Quick Start Notebook
This PR contains the quick_start.ipynb showcasing various functionalities of the package alongside a clear comparison of methods. While working on this notebook, I improved the package code/docstring and fixed some bugs. These changes are directly pushed to the main branch so that we can move faster with our release. The method comparison figures (selecting from one cluster) have been added to the paper. There is still some work that needs to be done.
@marco-2023, can you please:
- Complete the two
TODOitems comparing the sections through diversity measures. - Add an example of the selection method.
- Review this notebook (feel free to go ahead and make changes and push to this branch).
@maximilianvz, can you please review this PR and share any comments you have on the notebook?
@FarnazH @maximilianvz I went through the notebook and:
- Added a function to render the tables (list of lists) as markdown cells
- Completed the TODO items
- Added an example of selection using the n-similarity methods
- Used the n-similarity methods to compute diversity in one case. (this is extra and would like your opinion on this).
Can you tell me what you think about it after a quick look?
- Should we calculate 4. for all selections or not use it altogether?
- All n-similarity methods selected the same points.
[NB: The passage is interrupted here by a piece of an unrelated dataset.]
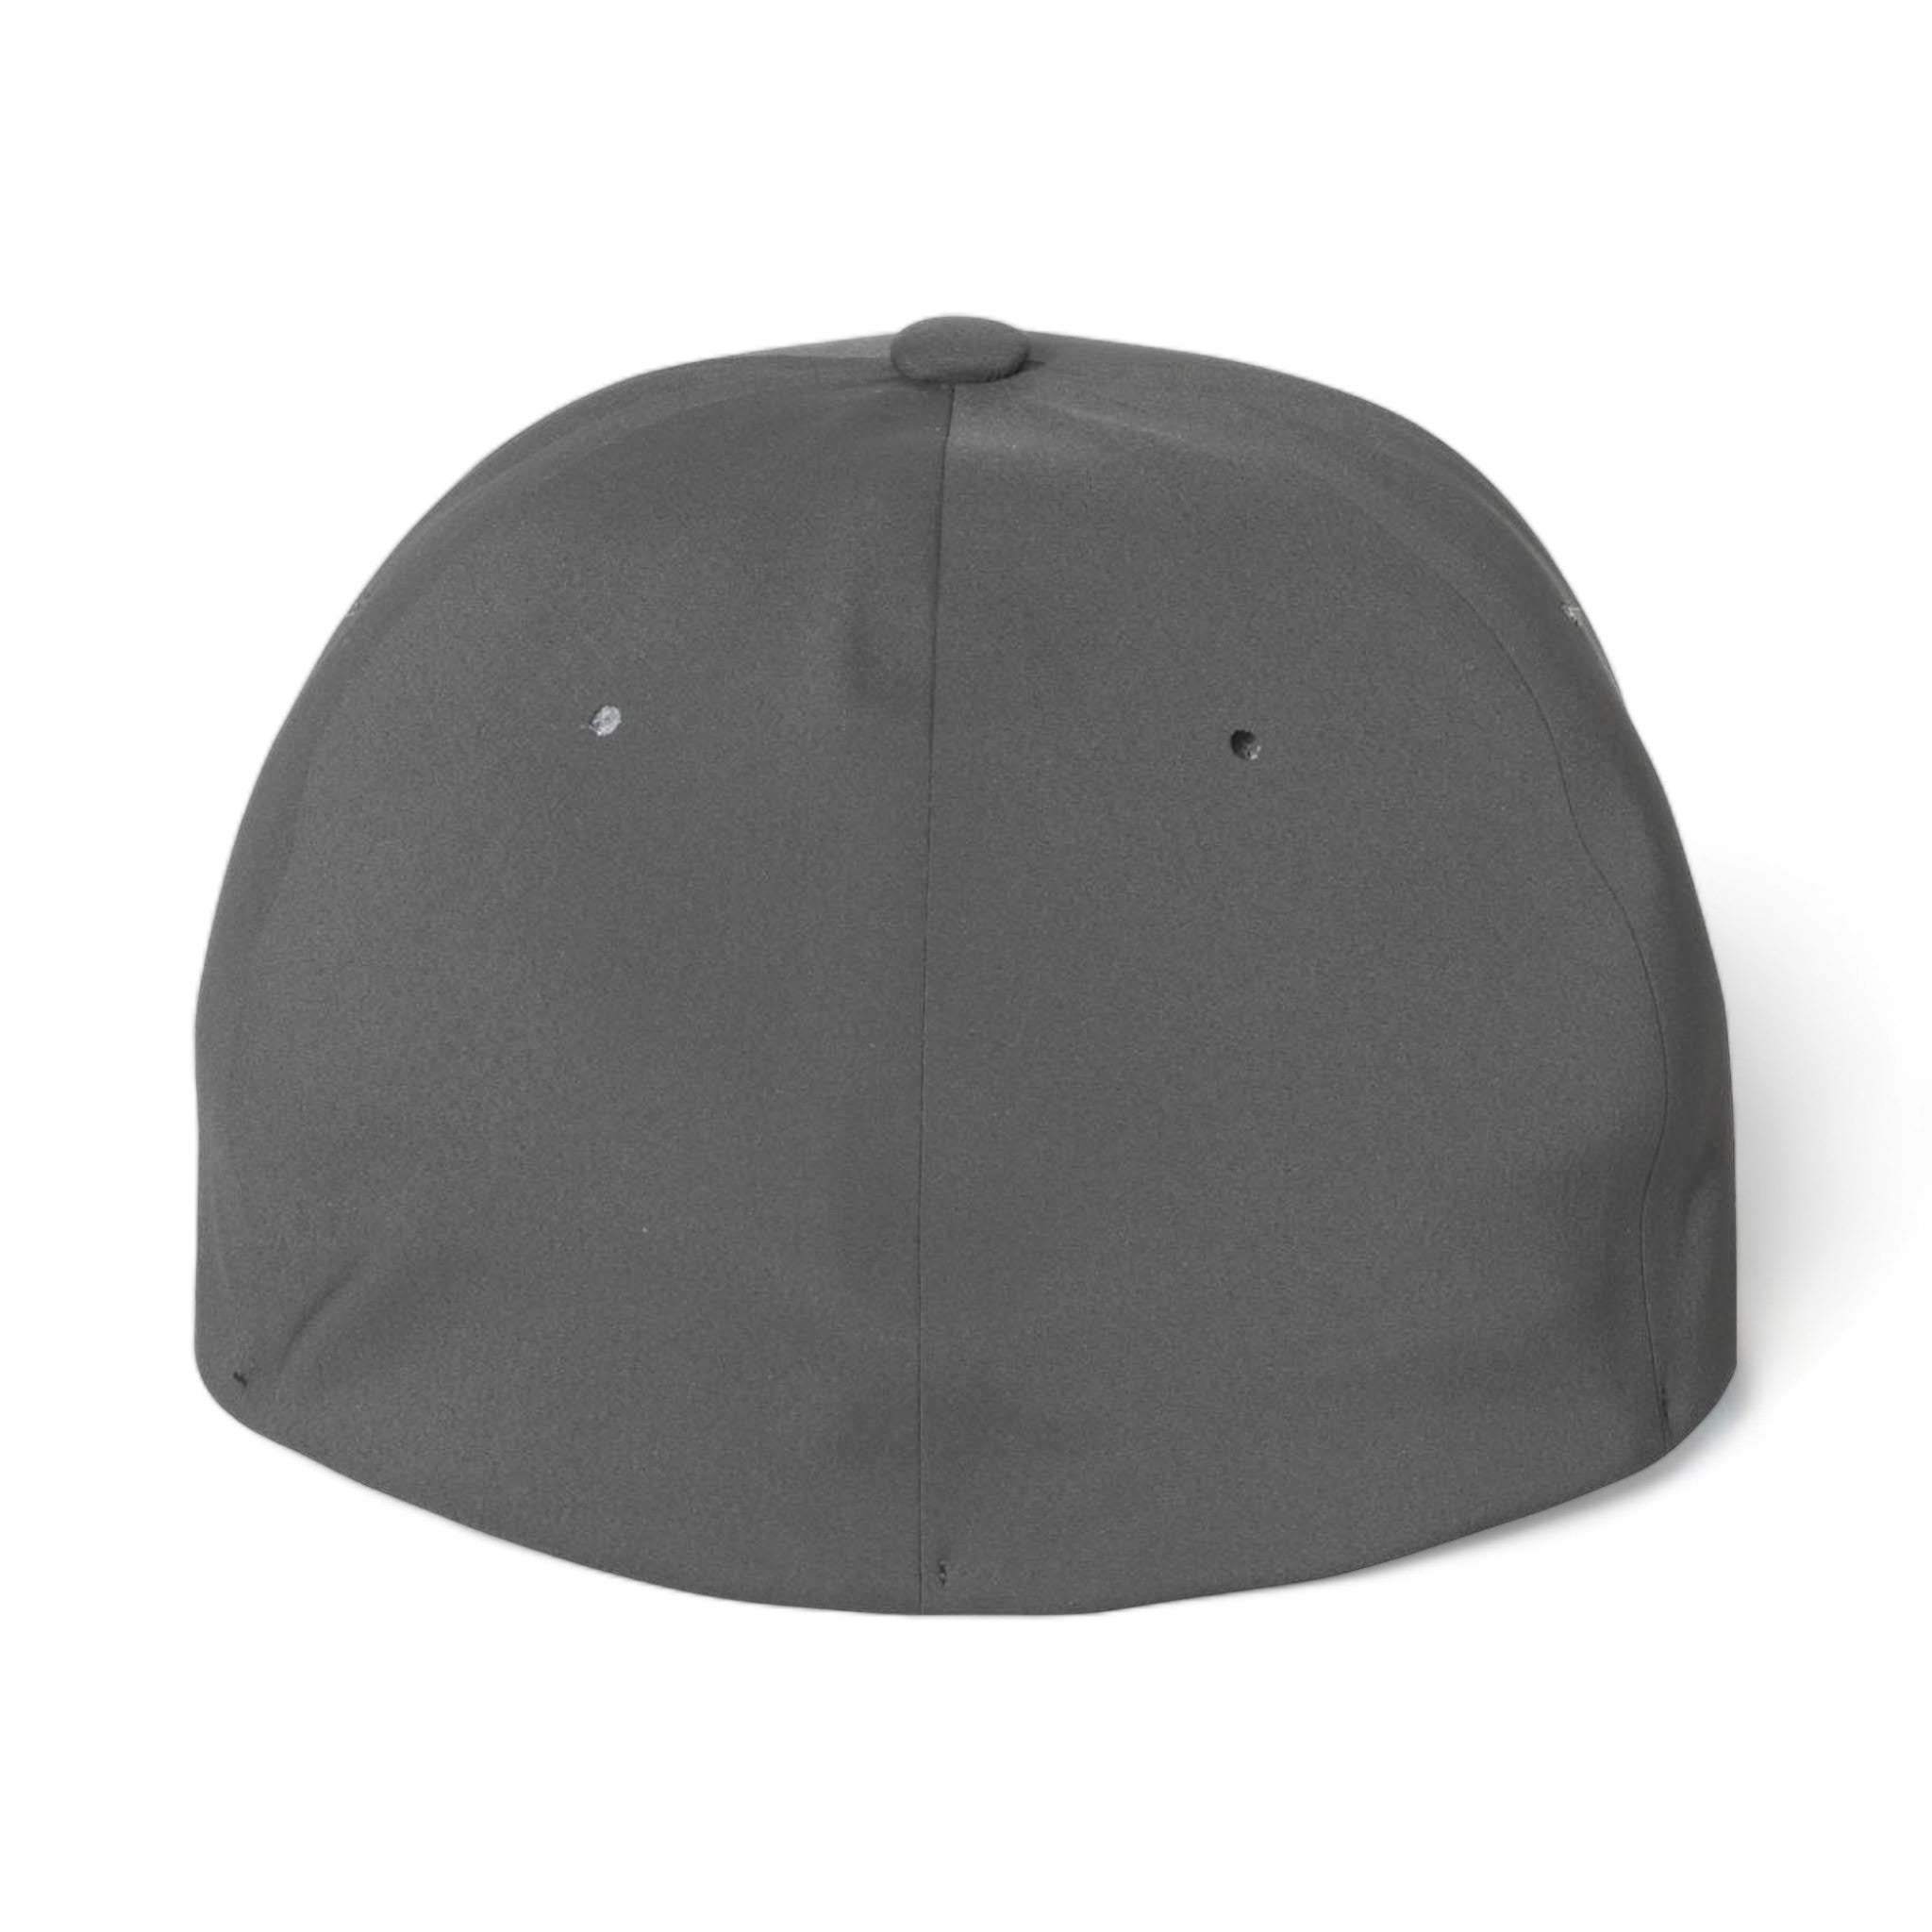 Back view of Flexfit 180 custom hat in dark grey

According to Ramon, this is to be expected due to the (low) dimensionality of the problem at hand. Should we just use one then?
Several things to note are:
- I was only able to use two diversity measures from the
diversitymodule. The rest need binary chains as elements. - The documentation of the n-similarity methods is not being generated on the website.
@FarnazH and @marco-2023, I have several comments:
- There are some typos in the notebook (I may have missed some, so I encourage others to check for this, too):
- On 9 occasions, "medoid" is misspelled as "mediod".
- In the explanation under Example 1: MaxMin Selector, it is stated that "This can a user-defined function or a
sklearn.metrics.pairwise_distancesfunction". This needs to be changed to "This can BE a user-defined function or asklearn.metrics.pairwise_distancesfunction". - In the documentation for the
render_tablefunction, the following is said: "The data to be rendered in a table, each inner list represents a row with the first row being the header. All" I believe the trailing "All" was written mistakenly.
- In this part of the notebook, the header is "N-Similarity based methods". However, the title of the plot in this section is "Comparing (N)Similarity-Based Selectors". I'd appreciate consistency in how "N-Similarity Based"/"(N)Similarity-Based" is written throughout the notebook:
- There is a warning in this part of the notebook (which doesn't seem to affect performance) that would be nice to have removed:
- This is a small thing, but for new users, it may be helpful to include a sentence at the end of the explanation here that clarifies that larger values for
logdetand smaller values forwdudcorrespond to greater diversity.
-
When comparing multiple selection methods on data within a single cluster, comparisons of selection diversity are given for distance-based, partition-based, and N-similarity-based methods. However, in the latter half of the notebook, where selection is done for data with multiple clusters, there is no such diversity comparison performed. It would probably be best to add this.
-
@marco-2023, you would know more about this than me, but you point out that the selected sets are the same for all similarity indices, which is a consequence of the data being low-dimensional. I assume this is unavoidable if we're using 2-dimensional data (which was done so things could be easily visualized), but I'm not sure how effectively this conveys the usefulness of the various similarity indices of the N-similarity-based methods offered by the package. It may not be worth the effort (i.e., I'm not adamant that things need to be changed here), but perhaps we could use a higher-dimensional example and sacrifice visualization in instances where we want to showcase the N-similarity-based methods and how indices affect diversity. If this were done, we should include a note warning that the choice of similarity index won't affect selection diversity when working in low-dimensional space. Alternatively, we can just use one similarity index and provide this warning.
- (this is unrelated to the notebook) @FarnazH, correct me if I'm wrong, but I believe we should update the documentation of
OptiSim, which currently states that the medoid centre is chosen as the initial point. LikeDISE,OptiSimhas aref-indexargument with a default value of zero, so it isn't guaranteed that the medoid center is the initial point (in most cases, I'd imagine it won't be):
When computing diversity, a distance matrix is used. We should use the feature matrix instead I think.